Crypto-currency, especially Bitcoin is such a promising form of digital asset that is finely arranged on a safe and secured digital network with the best part that it booms with a perpetual upward trend, so much so that its current value is established at $48000 just day before yesterday, which falls around Rs. 20 lacs, in INR.
Sans doubt, giant corporate players in the world have given a great fillip to crypto-currencies, namely Bitcoin while Tesla made a declaration to invest $1.5 billion in Bitcoin just in precious week. Moreover, tectonic shift was caused in digital payment world last week, when Elon Musk of Tesla declared to start accepting payment in Bitcoins for its EVs in America.
Though, from Indian perspective, using crypto-currency in any form of financial operations remains next to impossible as this is banned. In fact, “official digital currency” is on cards from Indian government as draft of a new legislation is prepared à Cryptocurrency and Regulation of Official Digital Currency Bill, 2021, which declares the bunch of private cryptocurrencies as unlawful. The RBI had placed a final nail in its coffin in 2018 but apex court of India stepped in to overturn the decision in March 2020. Besides, efforts were on in 2019 to prepare another bill which would have banned cryptocurrency and dealing in it would have attracted legal proceeding in India, but the bill somehow remained, incomplete. But this time around, a fresh bill is under discussion, following Inter-Ministerial Committee (IMC) chaired by Secretary Department of Economic Affairs which analyses the nuances of virtual currencies and has made strict recommendations in its report to declare all forms of private cryptocurrencies null and void while only state-issued cryptocurrency to enjoy the validity.
Just on February 09, Finance Ministry issued a statement in Rajya Sabha that conveyed, “that it would take a decision on the recommendations of the IMC and the legislative proposal, if any, would be introduced in Parliament following the due process”.
Now, let’s bring in here, Mr. Raj Dhamodharan, VP Digital Assets & Blockchain Products & Partnerships at Mastercard, who channelized his views on the topic, in his blogpost, “Whatever your opinions on Cryptocurrencies—from a dyed-in-wool fanatic to utter skeptic—the fact remains that these digital assets are becoming a more important part of the payments world. We are seeing this fact play out on the Mastercard network, with people using cards to buy crypto assets, especially during Bitcoin’s recent surge in value. We are also seeing users increasingly take advantage of crypto cards to access these assets and convert them to traditional currencies for spending”.
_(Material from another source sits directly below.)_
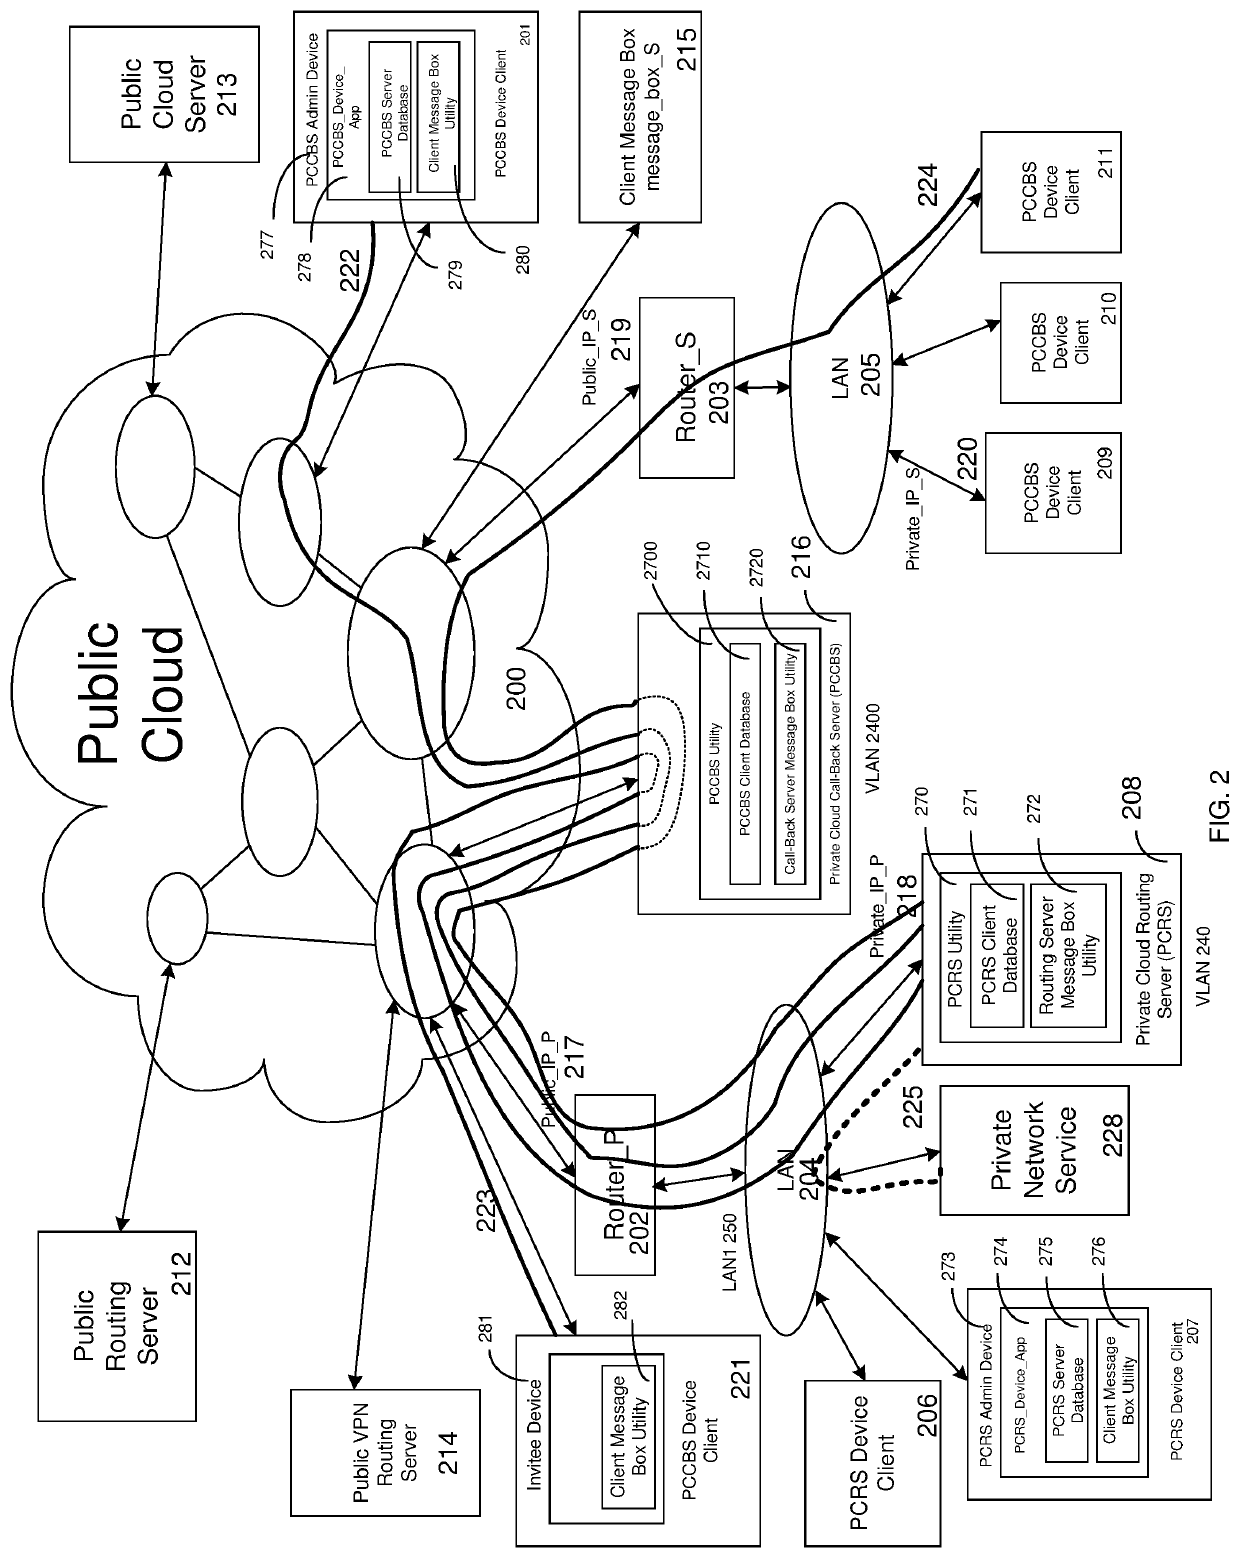 Private cloud routing server connection mechanism for use in a private communication architecture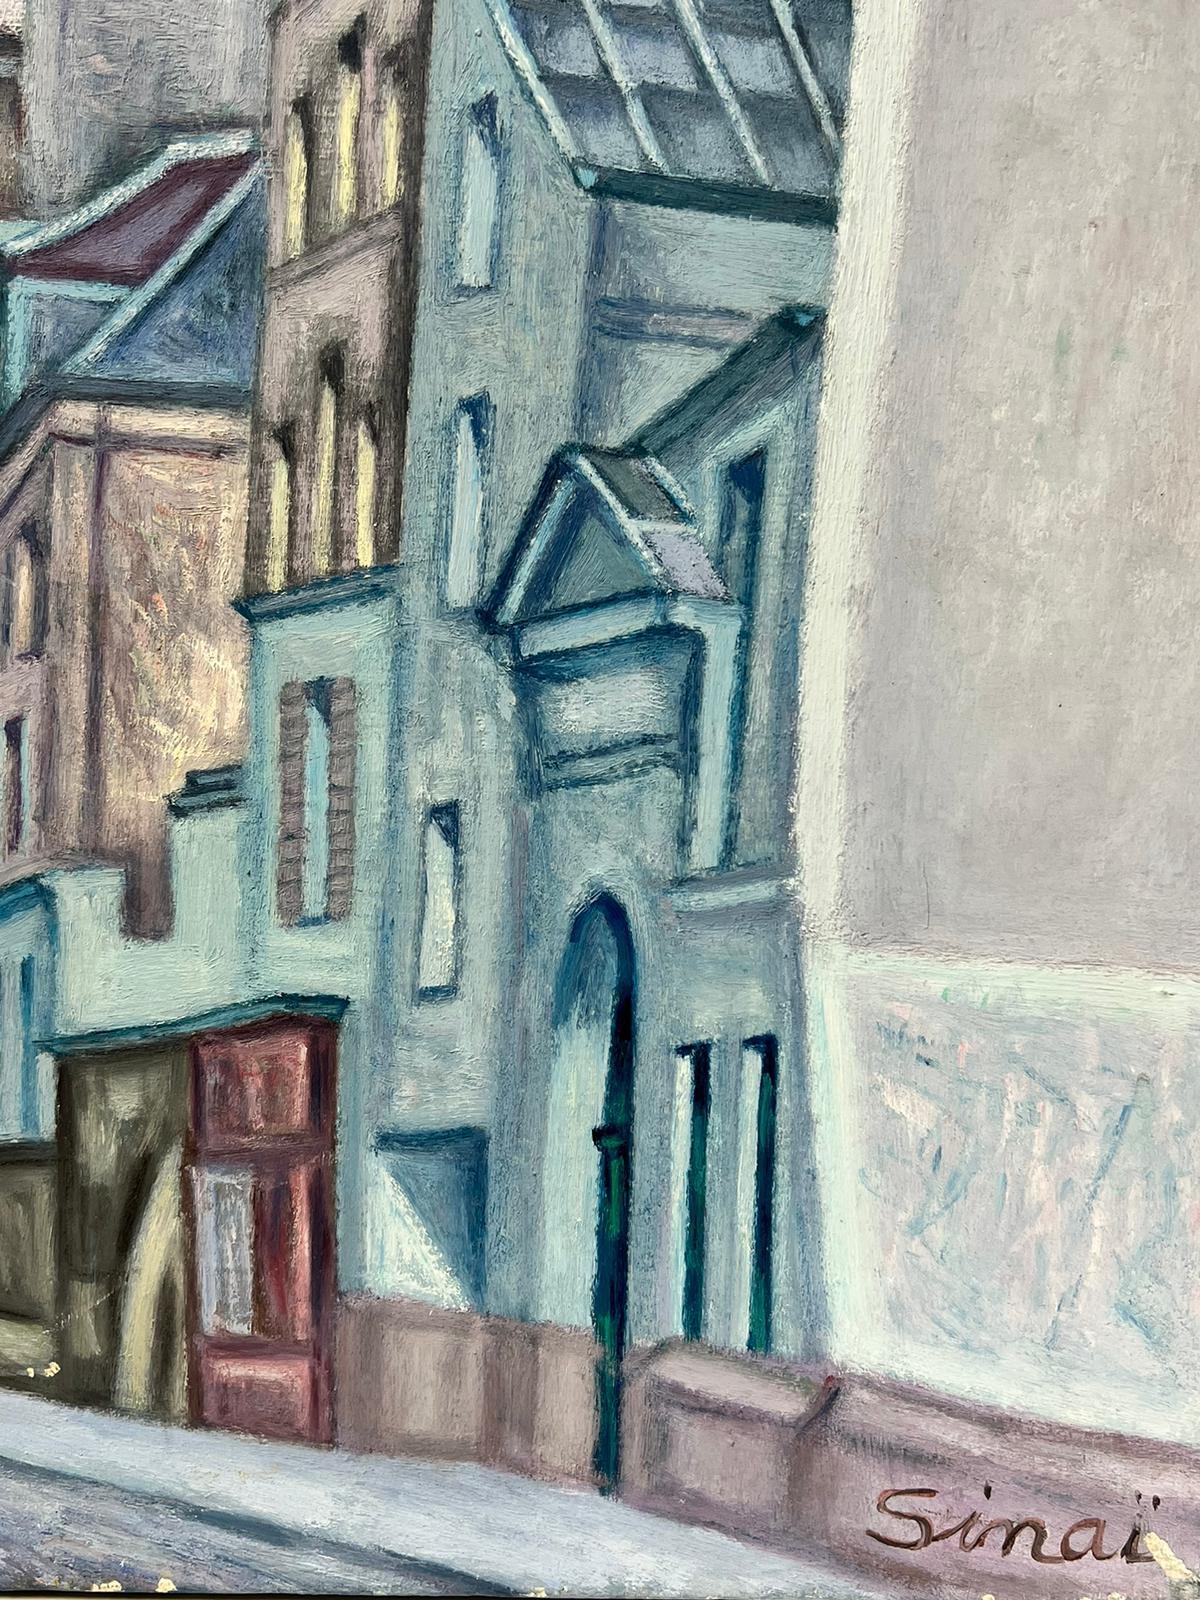 Mid 20th Century French Post-Impressionist Tall Blue Parisian Buildings - Painting by French School

Mr. Raj made the intentions of Mastercard loud and clear that the company would extend support to certain cryptocurrencies on its secured network from this year onwards. He also notified that only a handful of them and not all and every type of cryptocurrency would enjoy the special advantage on their network.
Crypto-Fever in West:
Looking west, even Twitter Inc contemplates Bitcoin in expanding its company reserve, joining the bandwagon which has BNY Mellon, Mastercard and Tesla. Determining this, company’s Chief Financial Officer Mr. Ned Segal stated in a report published in CNBC, “We have done a lot of the upfront thinking to consider how we might pay employees should they ask to be paid in Bitcoin, how we might pay a vendor if they asked to be paid in Bitcoin and whether we need to have Bitcoin on our balance sheet”.
Interestingly, Jack Dorsey who founded Twitter and set up Square, which is a financial services and mobile payment firm, is considered to be third in place, when we check largest corporate holding of Bitcoin, MicroStrategy and Tesla are first and second respectively.
Sharing the similar booming spirit, Bank of New York Mellon has also stepped forward to declare that just like other conventional financial assets, financing options for cryptocurrencies especially Bitcoin will be started soon. Mr. Roman Regelman, working as chief executive of the bank’s asset-servicing and digital businesses, disclosed to Wall Street Journal, “Pending further evaluations and approvals, we expect to begin offering these innovative and industry-shaping capabilities later this year”. He went on to add, ‘Digital assets are becoming a part of the mainstream”.
Well, dear readers, as for India, let’s keep fingers crossed and wait for our very own network currency to unroll, which would be safer to deal with alongside super valid.